The movie ticks all the usual horror show boxes.  The mad scientist.  A Frankenstein like monster. Also interesting in these days of acting understatement are the histrionic techniques typical of silent movies.   The special effects were ground breaking for their era.  Also featured is a cast of thousands that, at times, rush around the screen like ants whose nest has been kicked over.

Storm clouds

It’s not possible to watch the film without thinking of the cataclysm that’s just over the horizon for Germany.  And, indeed, the rest of Europe, Western Civilization and the world at large.  Metropolis was produced during the brief, overripe cultural flowering of Germany’s post WW I Weimar Republic.  It was only a few years before Hitler came to power and night descended.

The film’s an odd mixture of Christianity and Teutonic mysticism.  The leading character, Freder, descends from the from his privileged existence in the exalted, upper reaches of Metropolis in pursuit of the beautiful, chaste Maria who becomes the hope of liberation for the machine like Untermenge who populate the underworld.  There, amid sets littered with images of crucifixes on Golgotha, Freder and Maria quickly develop a romantic attachment.

Inevitably, complications and confusions arise, leading to an uprising of the near subhuman workers against the ruling class.  The violence destroys the pumps that prevent the underworld from flooding.   Further misled by an evil double of Maria created by Rotwang, the mad scientist, the workers rush to the surface intent on overthrowing their overlords.  In the chaos, the workers’ wives and children are left behind in the rising waters.  But for the heroic efforts of Freder and Maria, all would perish in the flood.

A brand plucked from the fire

Lang went to great lengths to achieve realism in the film.  For the flooding scenes, he recruited 500 children from Berlin’s poorest neighborhoods.  By the time shooting was finished after 14 grueling days in water that Lang intentionally kept at low temperatures, the look of terror and exhaustion that appears on the children’s faces required no great acting skill.

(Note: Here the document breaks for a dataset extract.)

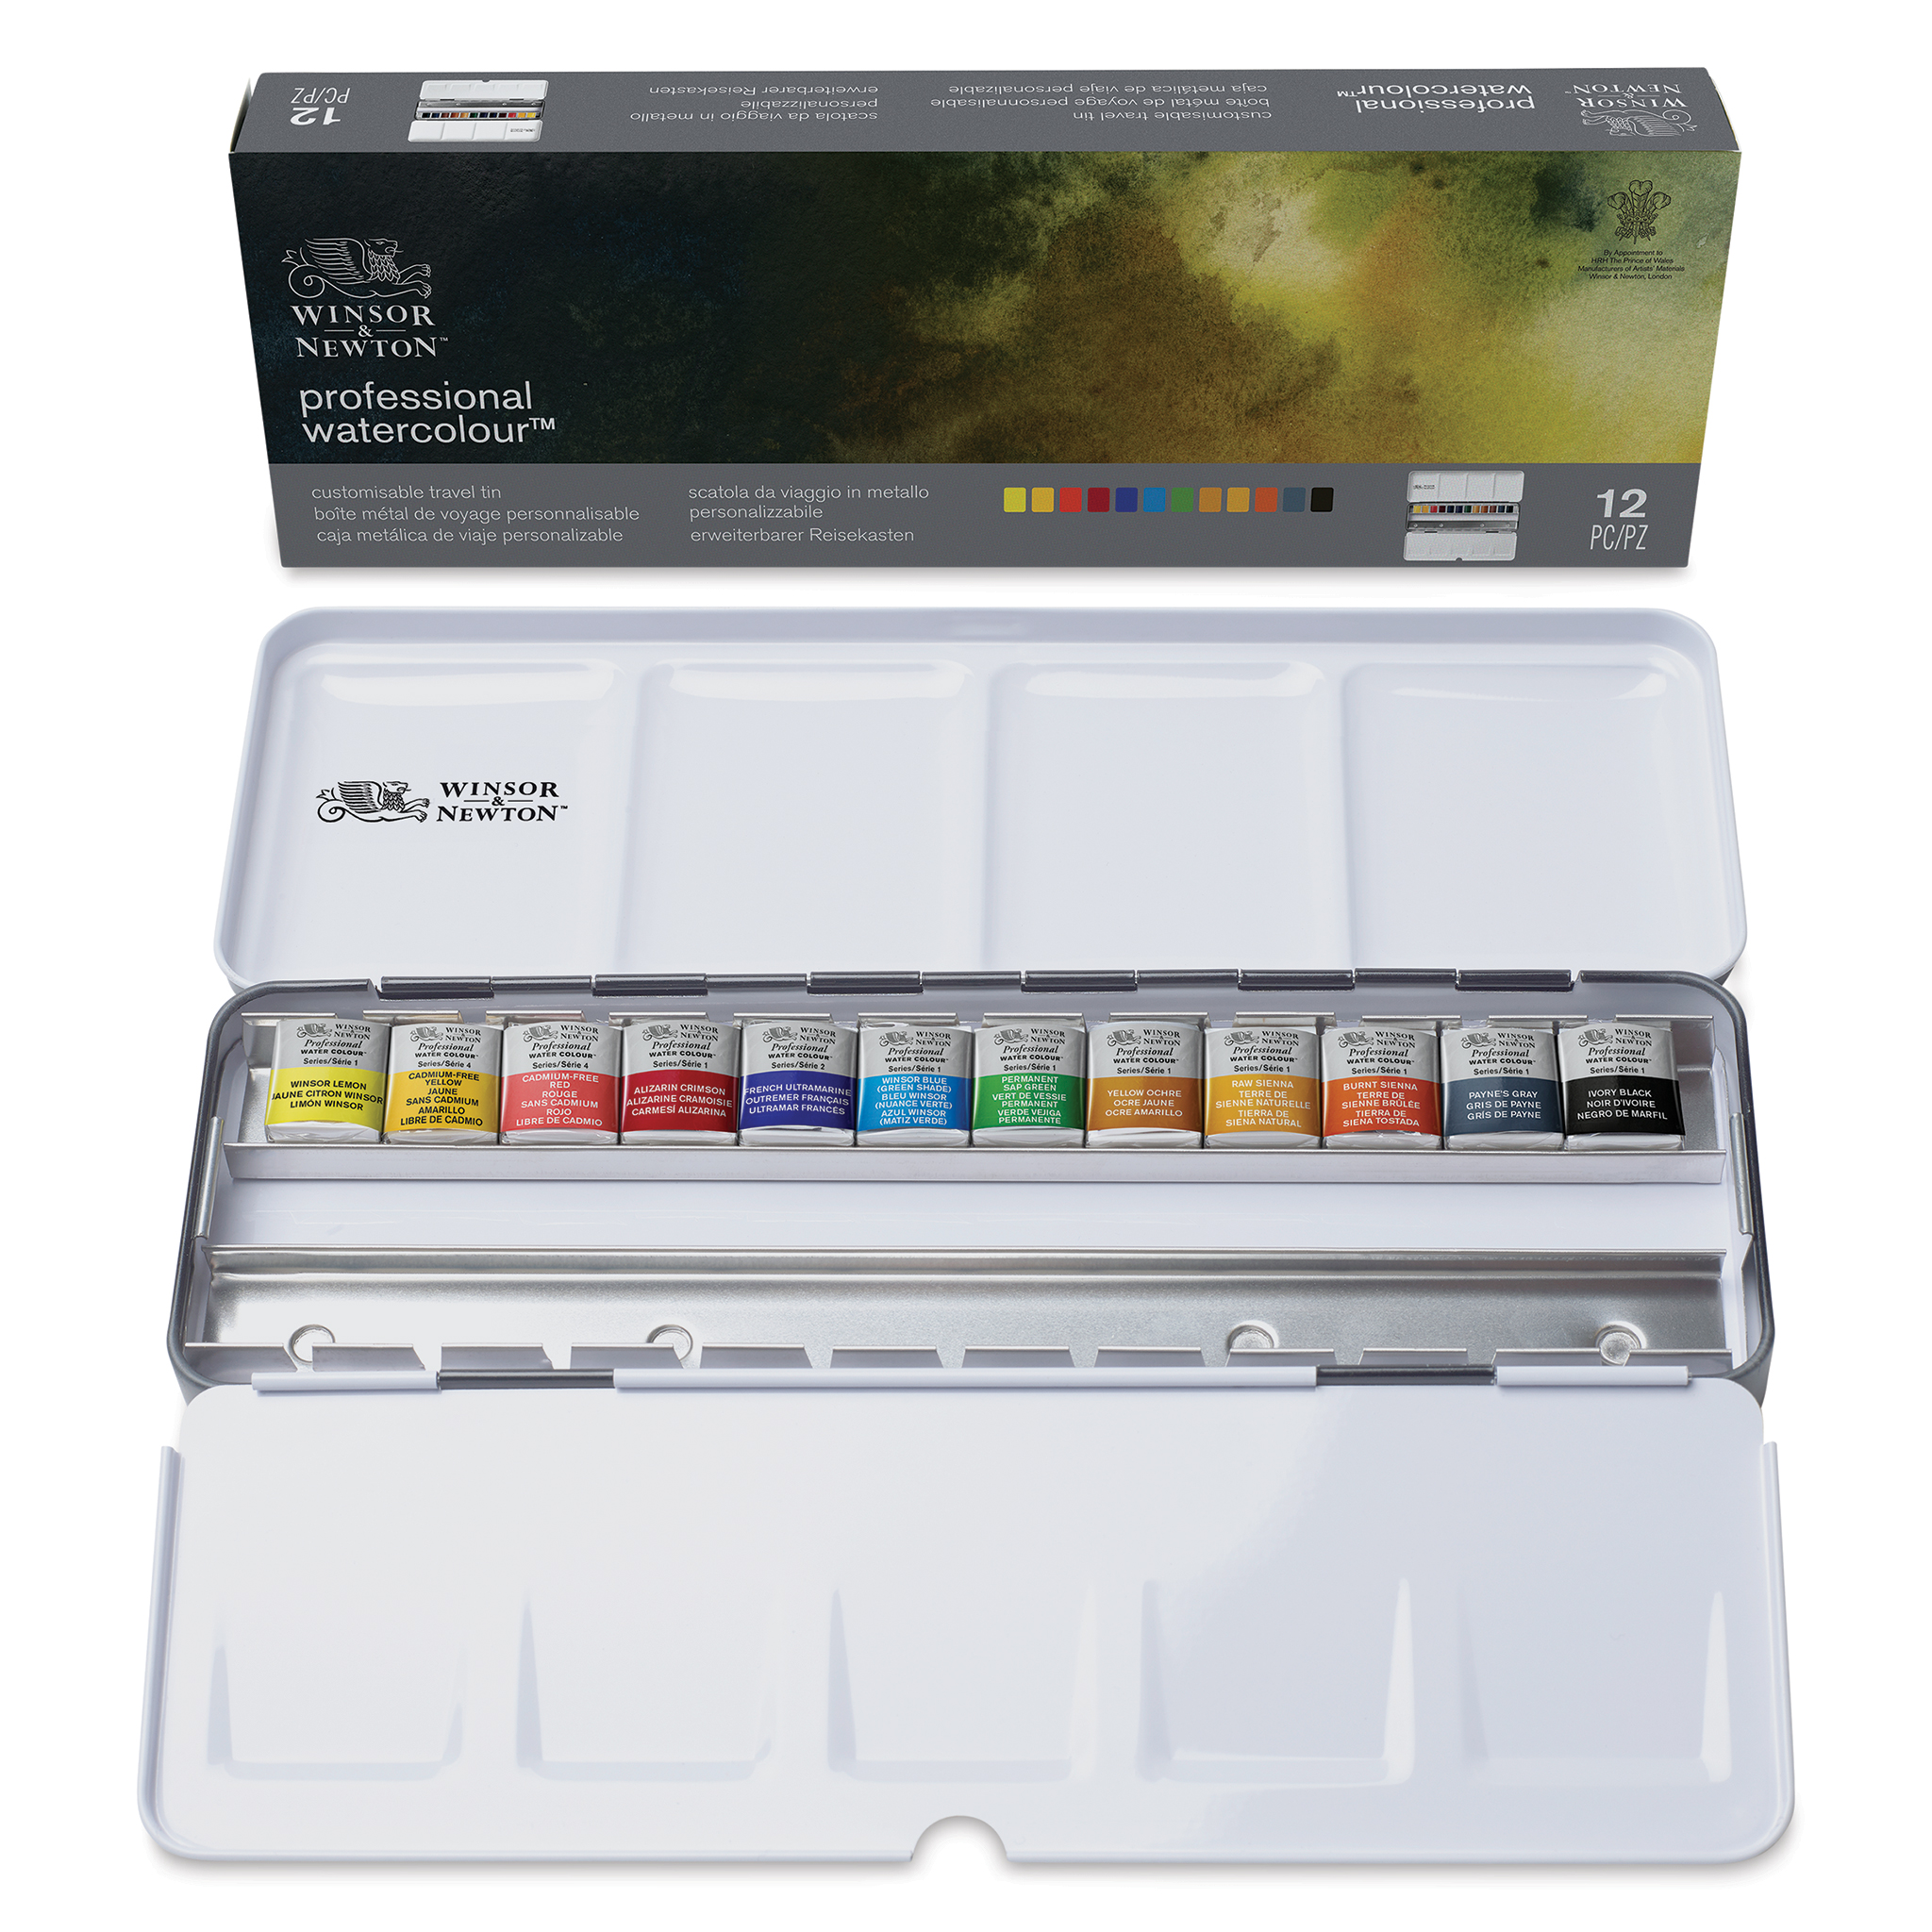 Winsor & Newton Professional Watercolor Field Box Set 12 Half Pans

In 1709 five year old John Wesley miraculously escaped from the upper floor of his family’s home when a late night fire burned the structure to the ground.   Years later, Wesley went on to lead a powerful Christian religious revival that swept over first England, then America, and eventually the world in the form of Methodism.  Wesley considered his escape from the blaze that destroyed his family’s home to be providential and later quoted from Zechariah 3:2 to describe it:  “a brand plucked out of the fire.”

Only to be cast back on the funeral pyre

As I watched Lang’s nightmare vision of children of eight or ten years slogging through frigid water, it became obvious that Lang’s child actors weren’t as fortunate as the young John Wesley.

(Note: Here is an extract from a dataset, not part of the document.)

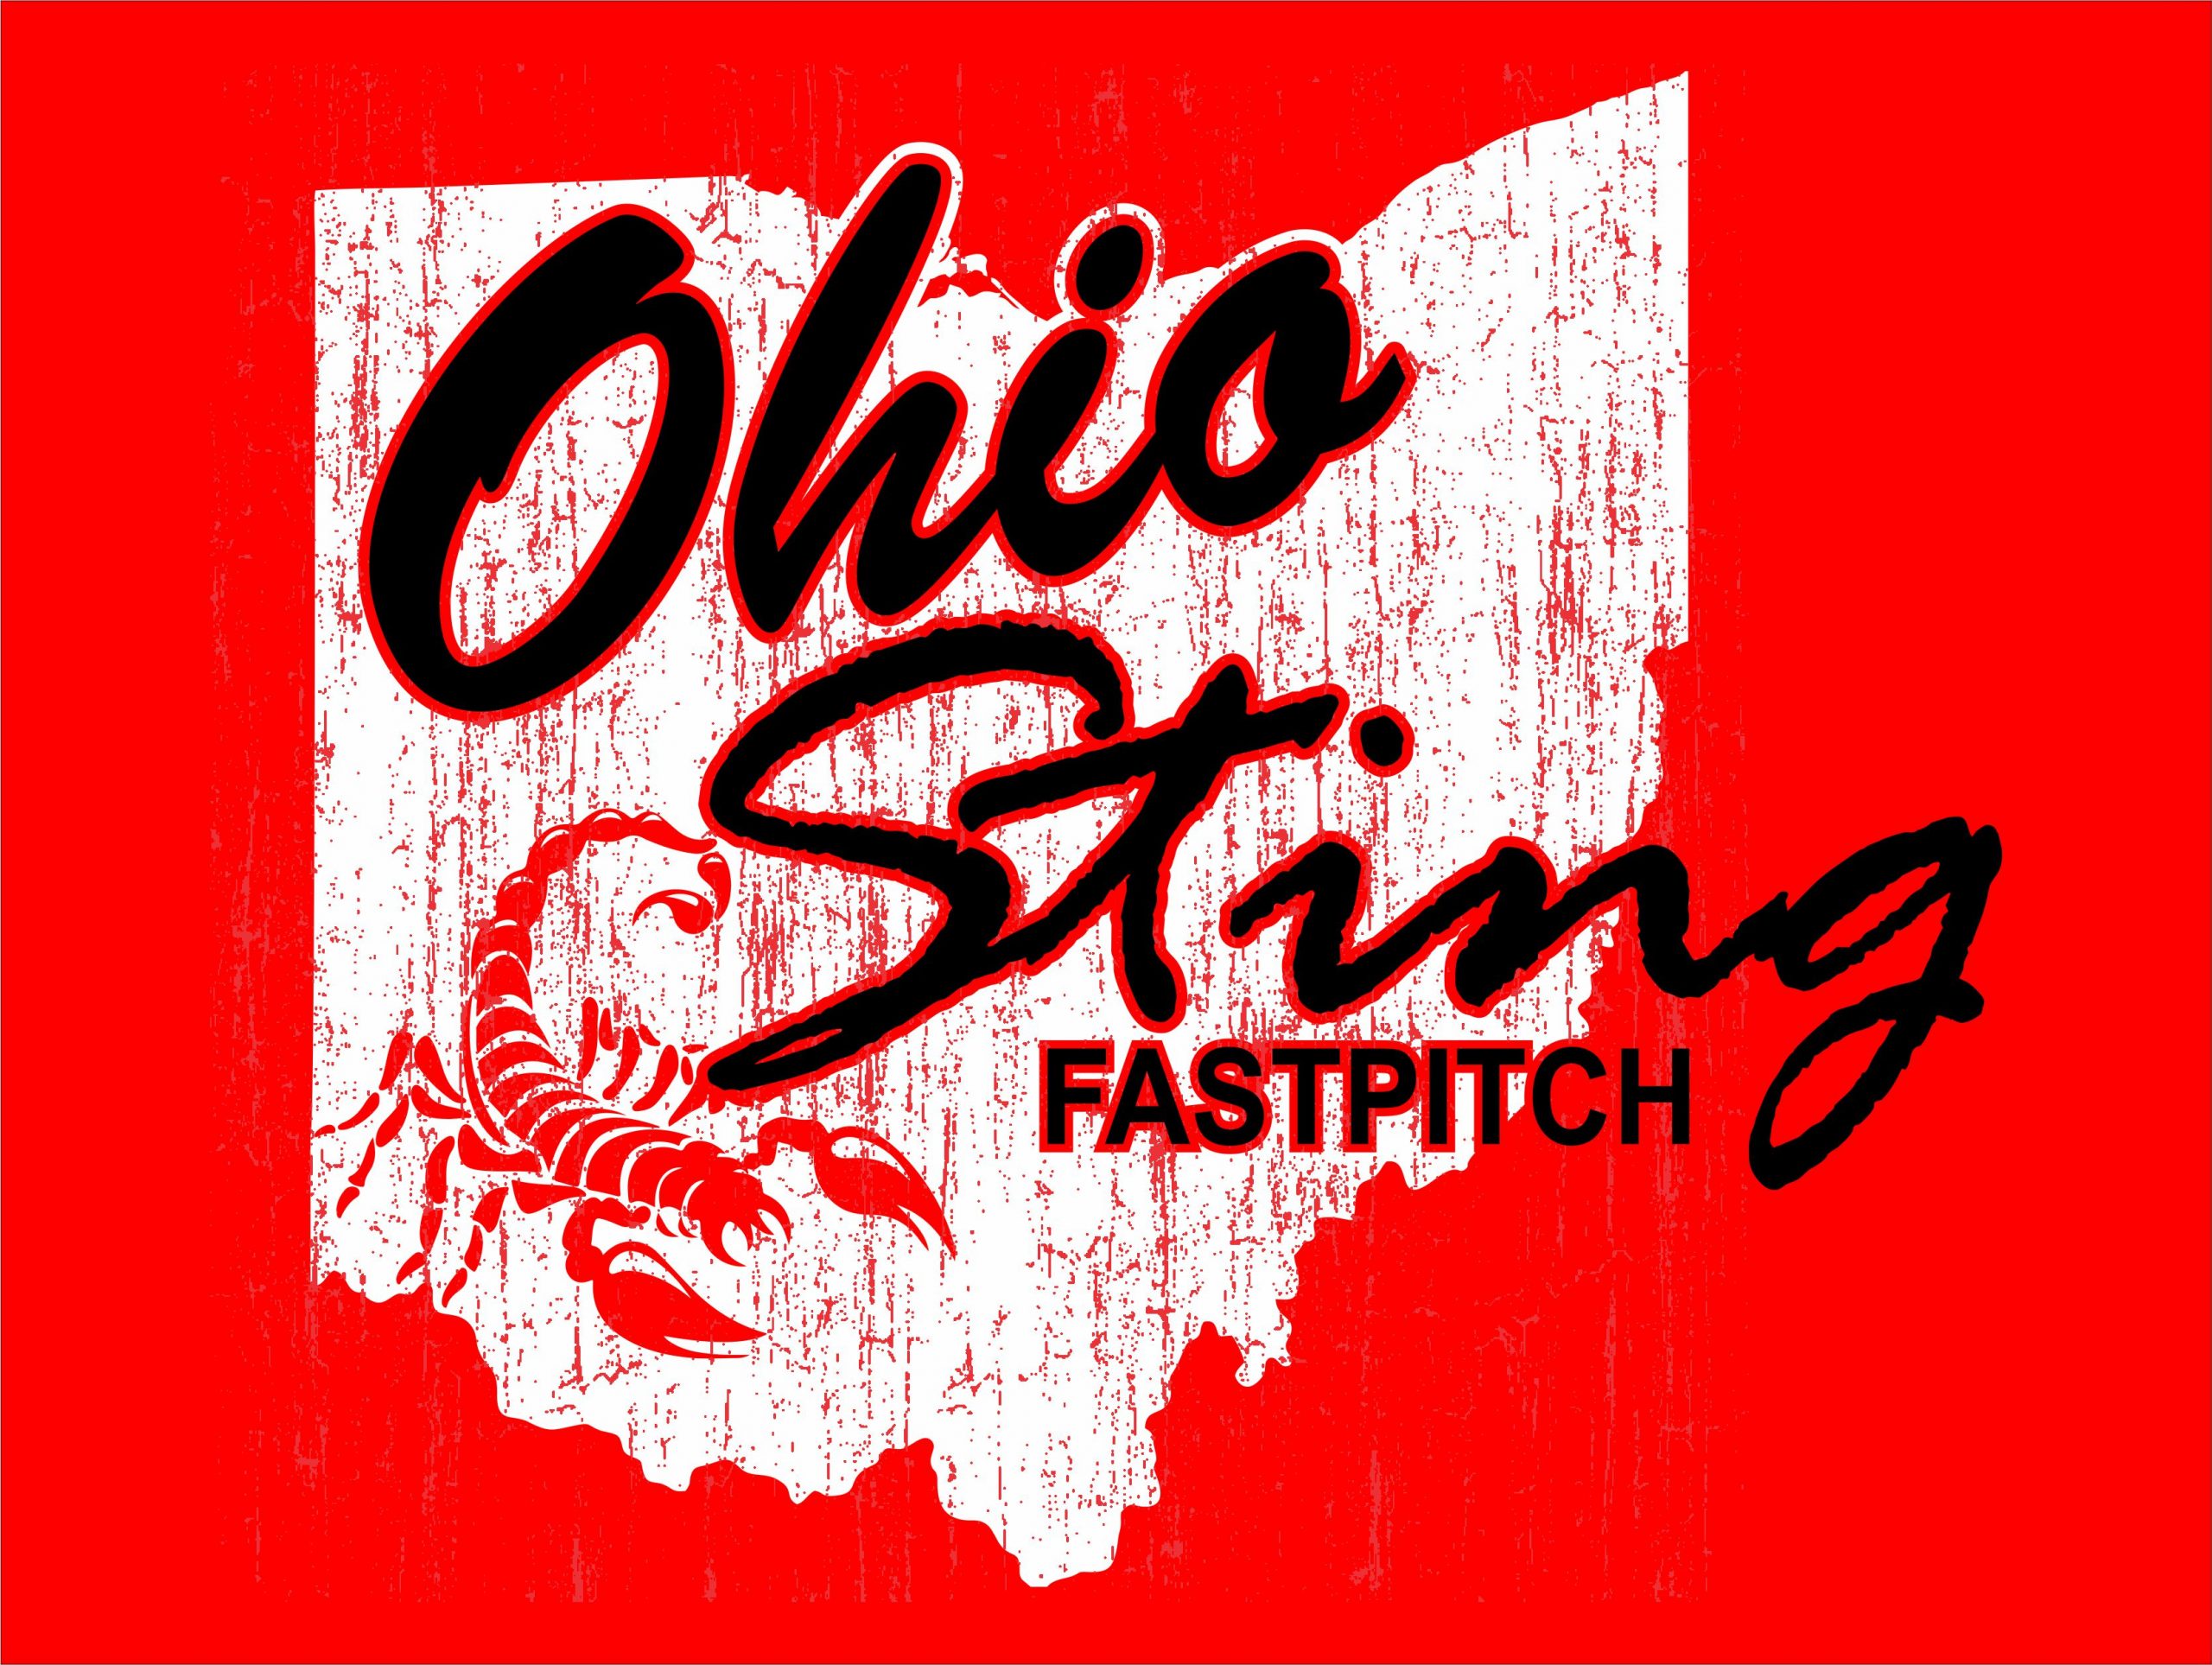 Ohio Sting Fastpitch

My mind drifted away to scenes far more dreadful than silver screen cataclysms.  How many of Lang’s child actors, in real life, would be somehow crippled and declared by the Nazis to have a “life unworthy of life”-and then euthanized?  And, for those “lucky” enough to be fit for military service, then to be killed or maimed serving Hitler’s war machine in WWII, the bloodiest conflict in human history?  Or, if the child was a Jew, perish in one of the Nazi’s death camps?  Or serve as a guard in one of the concentration camps infamous Death’s Heads units?

Of those 500 children cast as extras in Lang’s movie, whose faces flicker across the gray screen from so long ago, it’s certain that many of them were characters in one of history’s most horrific, real life horror shows.

So, by all means watch Metropolis.  But prepare to be haunted by something far more disturbing than cheap cinematic thrills.